The Trial Court dismissed her lawsuit, and the US Court of Appeals for the Sixth Circuit affirmed the trial court’s decision. The Sixth Circuit agreed that the lawsuit should be dismissed because Ms. Crawford did not initiate her own sexual harassment complaint, but instead simply responded to questions initiated by Metro in Metro’s investigation into the rumors about Mr. Hughes.
Supreme Court Reinstates Ms. Crawford’s Case, Defining “Opposition”
The US Supreme Court concluded that Mr. Crawford satisfied the retaliation provision of Title VII and reinstated her case. This is why.
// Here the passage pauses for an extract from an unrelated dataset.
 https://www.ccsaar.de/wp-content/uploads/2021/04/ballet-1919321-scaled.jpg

Title VII’s retaliation provision, 42 U.S.C. § 2000e‑3(a), makes it “an unlawful employment practice for an employer to discriminate against” an employee because:
- the employee has “opposed any practice made an unlawful employment practice ” by Title VII (this is called the “opposition clause”), or
- the employee has “made a charge, testified, assisted, or participated” in any “investigation, proceeding, or hearing” under Title VII (this is called the “participation clause”).
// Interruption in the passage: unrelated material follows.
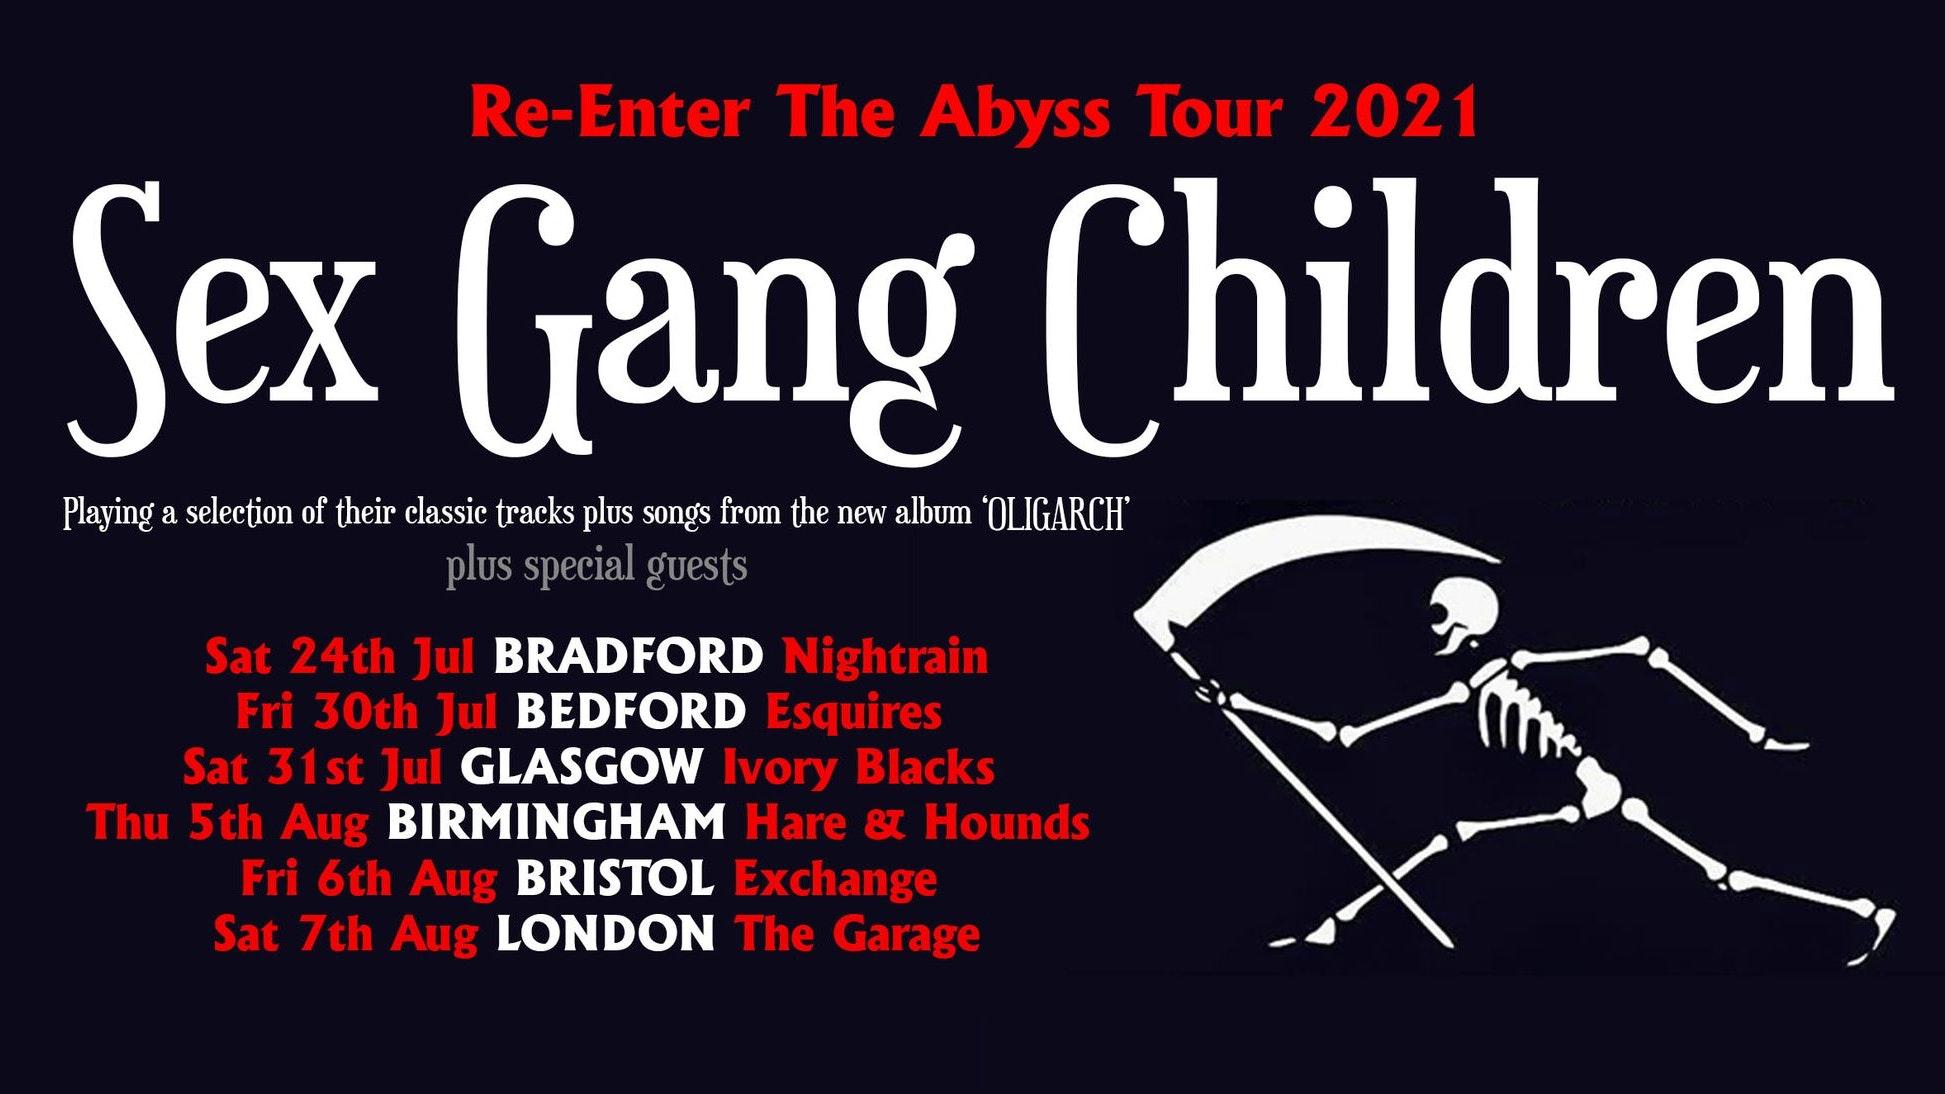 Sex Gang Children Re-Enter The Abyss Tour 2021 – London

In addressing the “opposition clause”: The Sixth Circuit concluded Ms. Crawford didn’t “oppose” any discriminatory practice because she didn’t file any complaint herself, and because “opposition” requires “active, consistent” opposition activities. Merely responding to the HR employee’s questions, according to the Sixth Circuit, was not “opposition”, so the employer was free to take adverse or retaliatory action against Ms. Crawford. The US Supreme Court rejected this reasoning, as I will discuss below.
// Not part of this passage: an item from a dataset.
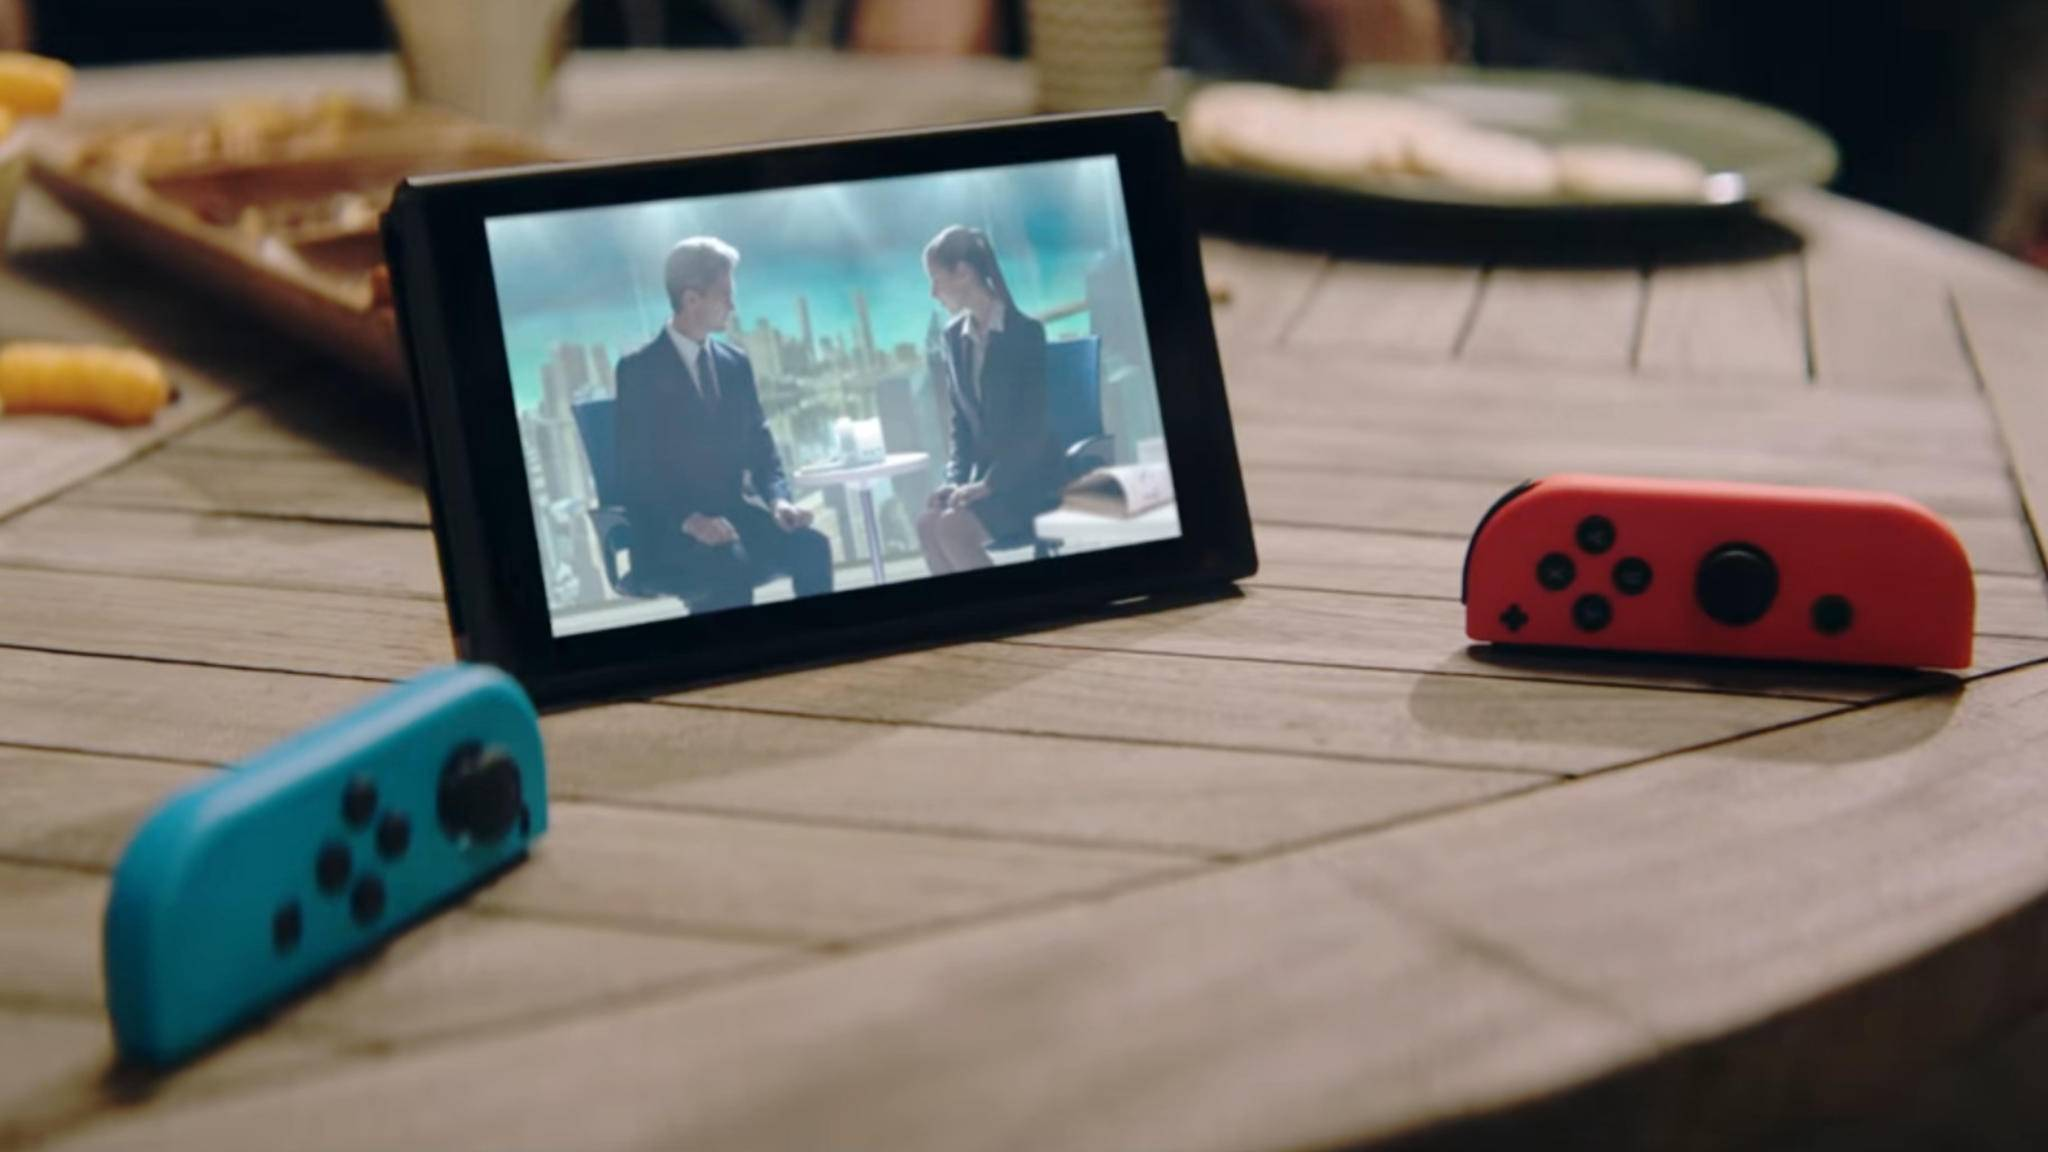 Bald an Bord: Video-Streaming-Apps für die Nintendo Switch.

The Sixth Circuit also addressed the “participation clause” and concluded Ms. Crawford had no protection against retaliation because she had not “participated” in any complaint proceeding under Title VII. The US Supreme Court did not address this ruling.
The US Supreme Court rejected the Sixth Circuit’s reasoning on the “opposition clause” and reinstated Ms. Crawford’s case. The US Supreme Court said the word “oppose” in Title VII should be given its “ordinary meaning”, in part based on a dictionary definition, to “resist or antagonize”, or to “contend against; to confront; resist; withstand”.
The US Supreme Court easily found that Ms. Crawford’s responses to the HR employee’s questions constituted “opposition” to Mr. Hughes’ sexually inappropriate behavior. There was “no reason to doubt” that a person can “oppose” by “responding to someone else’s question just as surely” as by “provoking the discussion”, and nothing in Title VII requires a “freakish rule” (“ouch!!” says the Sixth Circuit) protecting an employee who “reports discrimination on her own initiative but not one who reports the same discrimination in the same words when her boss asks a question”.
Because the US Supreme Court found Ms. Crawford’s case should be reinstated because she satisfied the “opposition clause,” the US Supreme Court did not address the question of whether her statements satisfied the “participation clause”.
Justices Alito and Thomas, in their opinion concurring in the result, agreed with the “primary” rationale in Justice Souter’s majority opinion, but were concerned that some of the language in the majority opinion (referencing part of a dictionary definition) could protect an employee who “silently” opposed discriminatory behavior. They thought there would have to be some public manifestation of the opposition, and they thought Ms. Crawford did so.